Other bcds, integers, doubles and strings can be assigned to a bcd number. That is: you can use the standard ‘=’ assignment operator or the operators that are combined with the standard mathematical operations ‘+=’, ‘-=’, ‘*=’, ‘/=’ and ‘%=’. Assignment operators made of a combination with bitwise operators like ‘|=’ or ‘&=’ have no logical counterpart in the bcd class, as a bitwise operation has no logical meaning for a binary coded decimal number.

C++
// Calculation with assignments
bcd a = SomeFunc();
a += 2;
a *= b;    // a = b + (2 * SomeFunc)

Increments and Decrements

Both prefix and postfix increments and decrements can be used with a bcd just as with any integer number.

C++
// Calculation with prefix and postfix in- and decrements
bcd a = ++b;
bcd c = a--;

Operators

The standard mathematical operators ‘+’ (addition), ‘-‘ (subtraction), ‘*’ (multiplication), ‘/’ (division) and ‘%’ (modulo) are implemented for the bcd class.

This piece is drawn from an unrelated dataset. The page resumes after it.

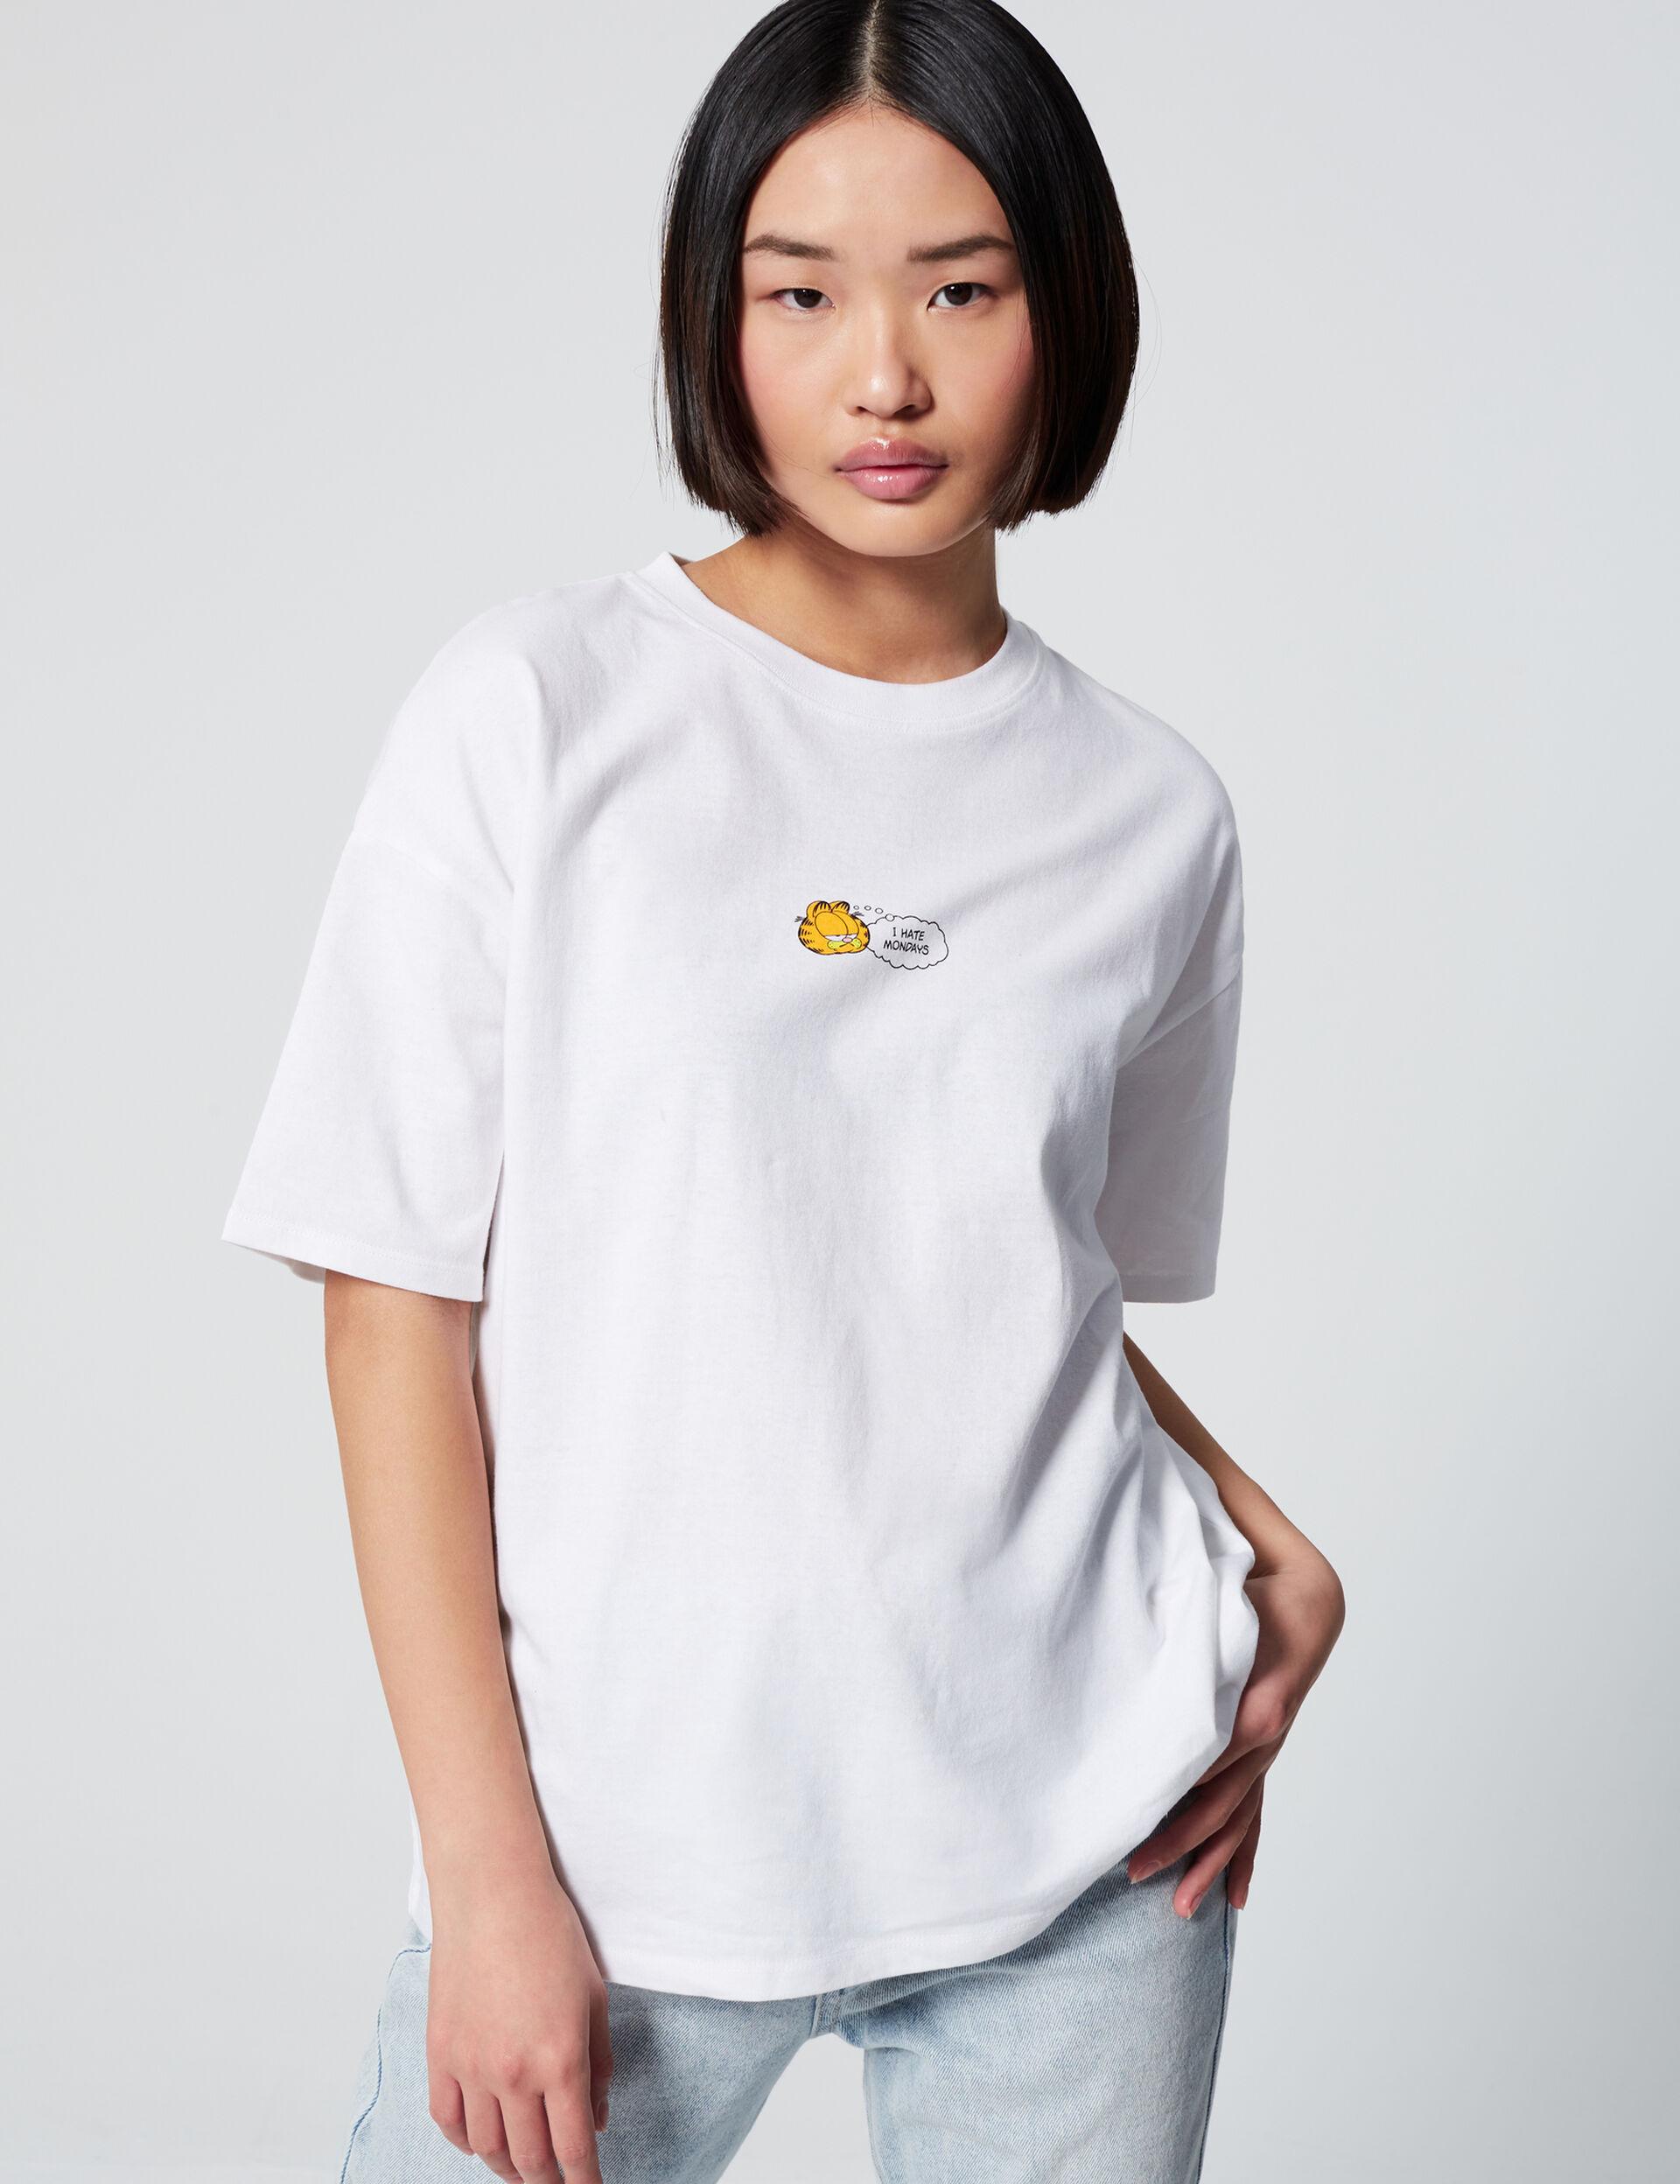 Tee-shirt Garfield

As this class is designed to do bookkeeping, it is the ‘bread-and-butter’ of this class. More than eighty percent of all calculations are done in these operators in real-world applications.

Here is a typical example:

C++
// Finding an average price from a std::vector of objects
// Where GetPrice() and GetVAT() both return a bcd value
bcd total;
for(auto& obj : objectlist)
{
   total += obj.GetPrice() + obj.GetVAT();
}
bcd average = total / (int)objectlist.count();
if(average > 400.0)
{
  ReportAverageToHigh(average);
}

Comparisons

All typical comparison operators like equal (==), not-equal (!=), smaller (<), smaller-than-or-equal-to (<=), greater (>) and greater-than-or-equal-to (>=) are implemented for the bcd class.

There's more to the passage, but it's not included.